Of the eight aminoglycosides that are currently used, five are synthesized from different versions of Streptomyces: streptomycin (isolated from Streptomyces griseus), neomycin (isolated from Streptomyces fradiae), paromomycin (isolated from S. rimosus), kanamycin (isolated from Streptomyces kanamyceticus), and tobramycin (isolated from

Streptomyces tenebrarius). Gentamicin is isolated from Micromonospora purpurea, and it consists of a mixture of approximately equal amounts of three compounds: gentamicines C1, C1a, and C2. Amikacin and netilmicin are semisynthetic drugs. Amikacin is a chemical modification of kanamycin. Netilmicin is a semisynthetic derivative of schizomycin, which is isolated from Micromonospora inyoensis.

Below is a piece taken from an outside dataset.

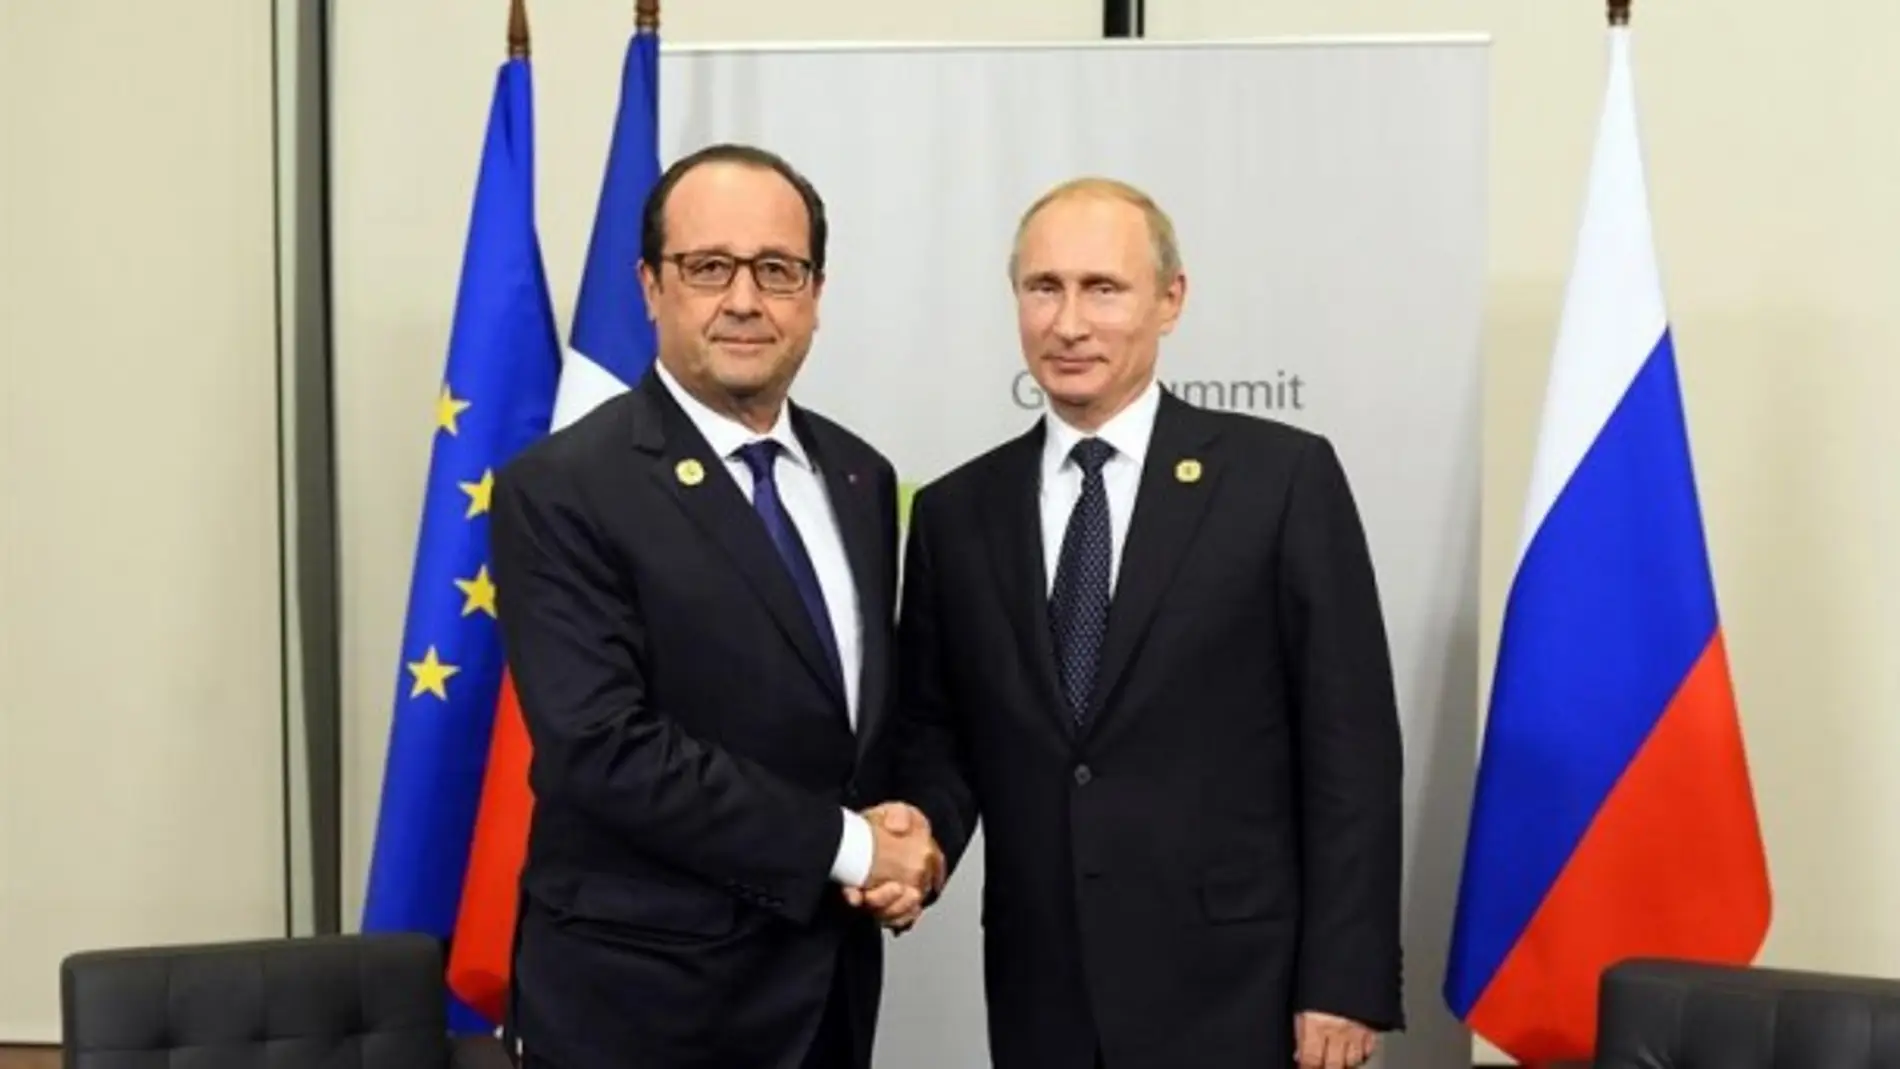 El presidente francés, François Hollande, y su homólogo ruso, Vladimir Putin

Aminoglycoside antibiotics are bactericides. They inhibit protein synthesis and lead to incorrect reading of the genetic code. The common element in the process leading to the lethal outcome of bacteria is the active transfer of the drug from the surrounding medium into the bacterial cell, which leads to a large accumulation of medicine inside the cell exceeding that of the surroundings. Aminoglycosides easily diffuse through the outer membrane of the bacteria and enter the periplasmic space. The initial intracellular region of aminoglycoside action is the bacterial ribosome. There is evidently a minimum of two different types of ribosomal binding: one is specific to streptomycin, and the other acts by binding with other aminoglycosides. Streptomycin binds with the 30 S ribosomal subunit. Other aminoglycosides bind to different regions of 30 S and 50 S ribosomal subunits, and cannot compete with streptomycin for binding with 30 S ribosomes.

Binding between aminoglycosides and ribosomes is expressed as both direct inhibition of protein synthesis as well as incorrect reading of the genetic code from the matrix of mRNA, which leads to the insertion of incorrect amino acids into polypeptide chains. However, none of these effects fully explains the bactericidal effect of aminoglycosides. Aminoglycosides are drugs used predominantly against aerobic and a few Gram-negative microorganisms, S. aureus, and mycobacteria. These antibiotics are not active with respect to anaerobic microorganisms.

Bacterial resistance with respect to aminoglycosides can be explained by changes in binding regions on ribosomes, decline in intracellular transport, and deactivation of drugs by microbial enzymes.

Streptomycin binds with specific proteins (S12) on 30 S subunits of ribosomes. A change in this protein as a result of a mutation makes the ribosomes unable to bind with streptomycin, which makes the organism resistant. Mutational resistance to streptomycin occurs frequently. Gentamicin, tobramycin, netilmicin, and amikacin bind with many regions on both subunits of the ribosomes, and therefore mutational resistance to them is not common.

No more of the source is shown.